7 thoughts on “Slow Food USA Comes Of Age

  1. Bob Drake

    Alex,

    Kudos for working to broaden Slow Foods important message.

    It is no accident that so many reform movements push off potential supporters in the name of ideological purity rather than actively work to spread the good news of safe healthy food.

    Real change comes from engaging the public in a democracy, not from building enclaves of well-off, pious people who take satisfaction about being right on the issues, but have given up on being successful in working for social change.

  2. Linda Hargrove

    Interesting food for thought. (pun intended) Nutritious food is abundant, yet difficult for people to select or even identify. Keep up the dialogue because it’s important!

  3. Steven Dunn

    Thanks for posting this informative piece, I had no idea there was such a struggle within SlowFood USA. I have to say that I come down on the side of more activism myself. Saving heritage breeds and seed sharing are wonderful pursuits, but they won’t feed a hungry planet or even start to correct the major flaws in our food system.

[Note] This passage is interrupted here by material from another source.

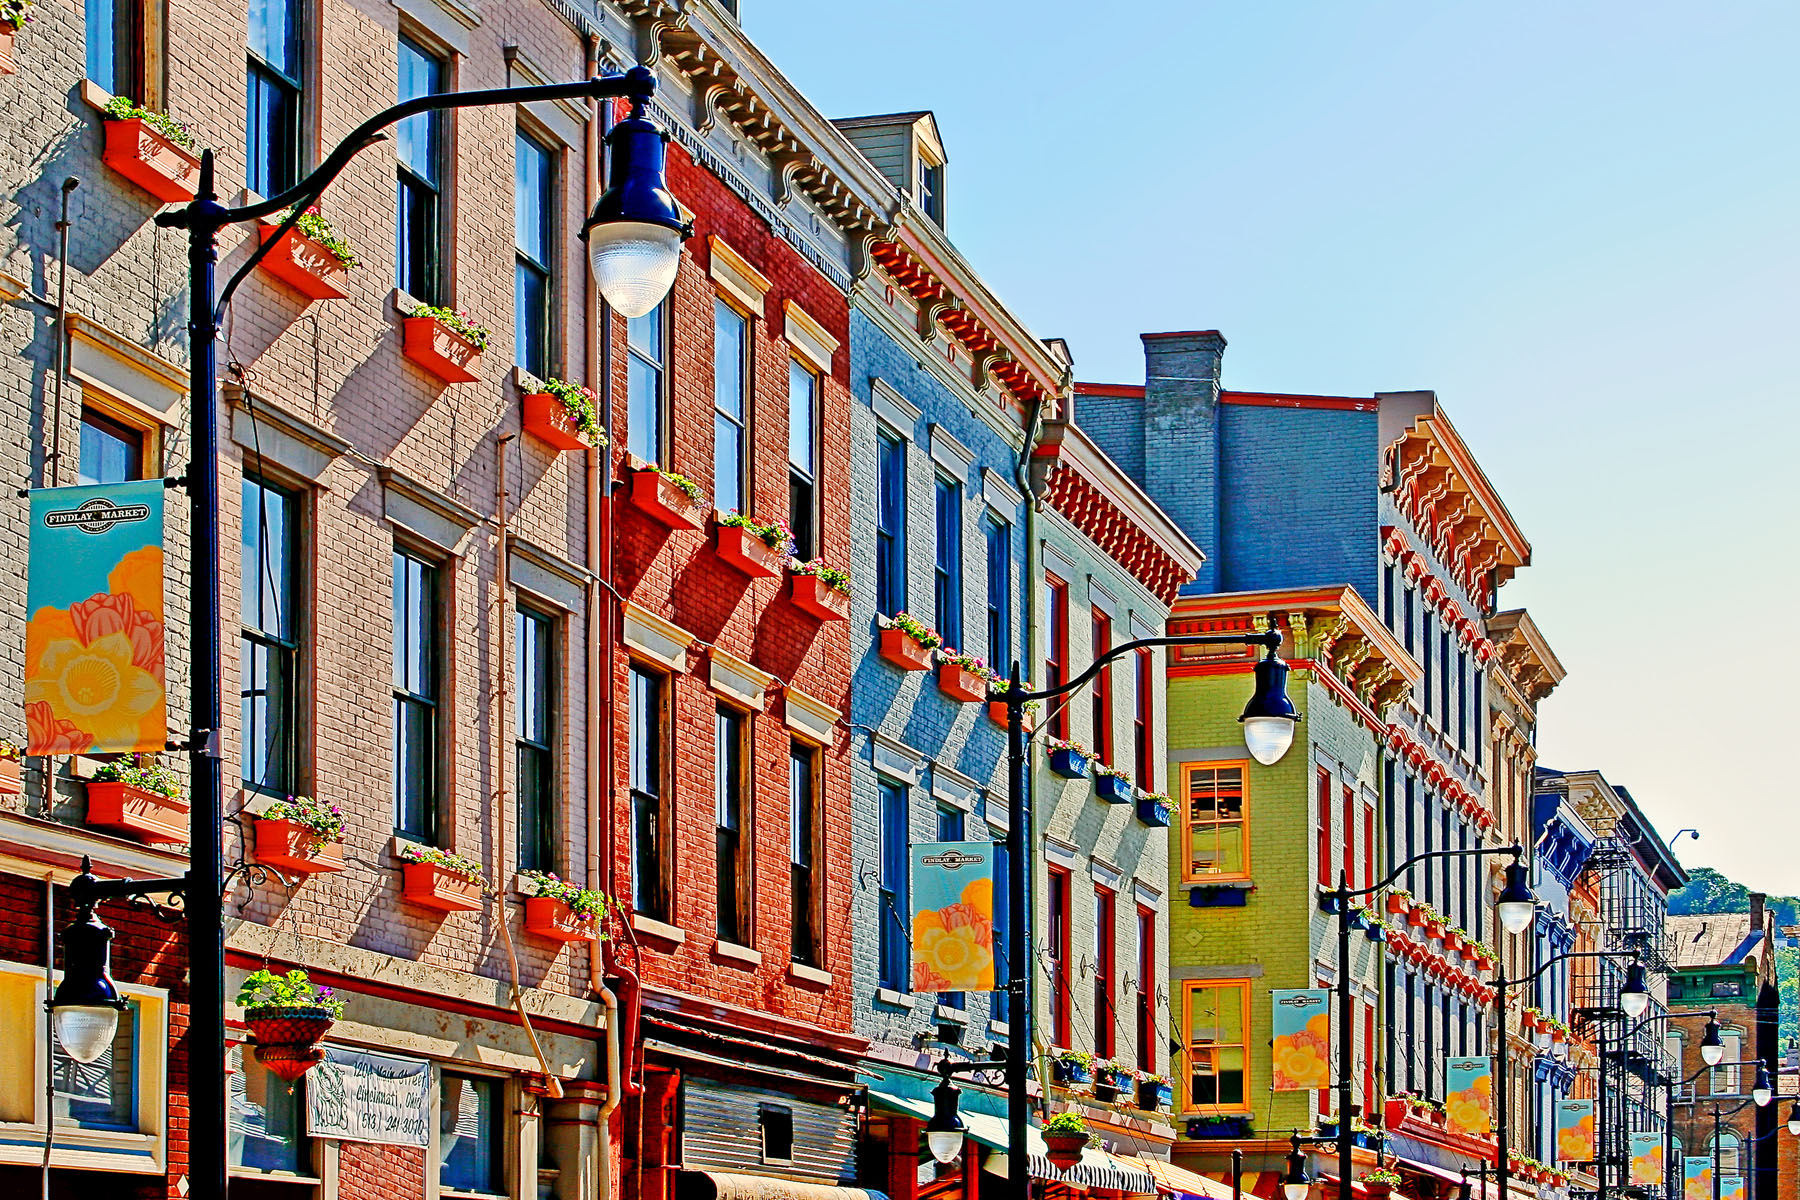 NEXT TO FINDLAY - My wife and I happened to go to Findlay Market the first time they opened on Sunday. The city had spent money dressing up the exterior of the buildings and the sun was shining. It was a beautiful day. I was glad I had my camera.

I hope Slowfood USA continues to push beyond its original mission to help tackle the broader problems our food system faces.

  4. Mike Young

    Great stuff…my only critique is that it was paragraph 14 when I finally figured out the deal with the rocket photo :-)…).

    Personally, I just finished Hewitt’s “Town that Food Saved” and it really emphasized how agriculture (i.e., local food) can support community (and not just the other way around…CSA….). Seems to me that this is part of the allure of slow food(lower case “s”), which is not far from what Alex was drawn to, I think: “food enriches and enlivens our existence.”

    I don’t think slow food should “hide out” but potentially its strongest potential as a change agent is in helping people to see this power of food…a power that is exponentially more profound when enjoyed at a pace that respects our bodies and planet: slow…

    Looking forward to the next installment..

  5. David Sherman

    Great article. It’s clear that the multinationals are the radical, revolutionary element, overthrowing centuries of traditions of foodways, while Slow Foods is the force of conservation. It’s working for change by working for continuity, in the long historical sense.

  6. katherine Leiner

    It would be great to hear from more of those folks who were originally involved with Slow Foods. Tos ee how they have broadened their scope. I remember back in 1997 when I was first introduced to them at a Sonoma County Food Fair. I was impressed with their mission statement. Years later, I was impressed with how they had expanded that mission and I continue to be impressed with the work that Josh Viertel does. For some, Slow Food was becoming exclusive, a kind of club for those who could afford great artisanal food. The Ark of Taste still provides a place to actively debate the merits of old breeds, heirloom preservation. But we need every person, every organization we can gather, to look at the preservation of food without GMOs, food that is good, clean and affordable for everyone. And I applaud Slow Foods for getting into the action. And I thank them!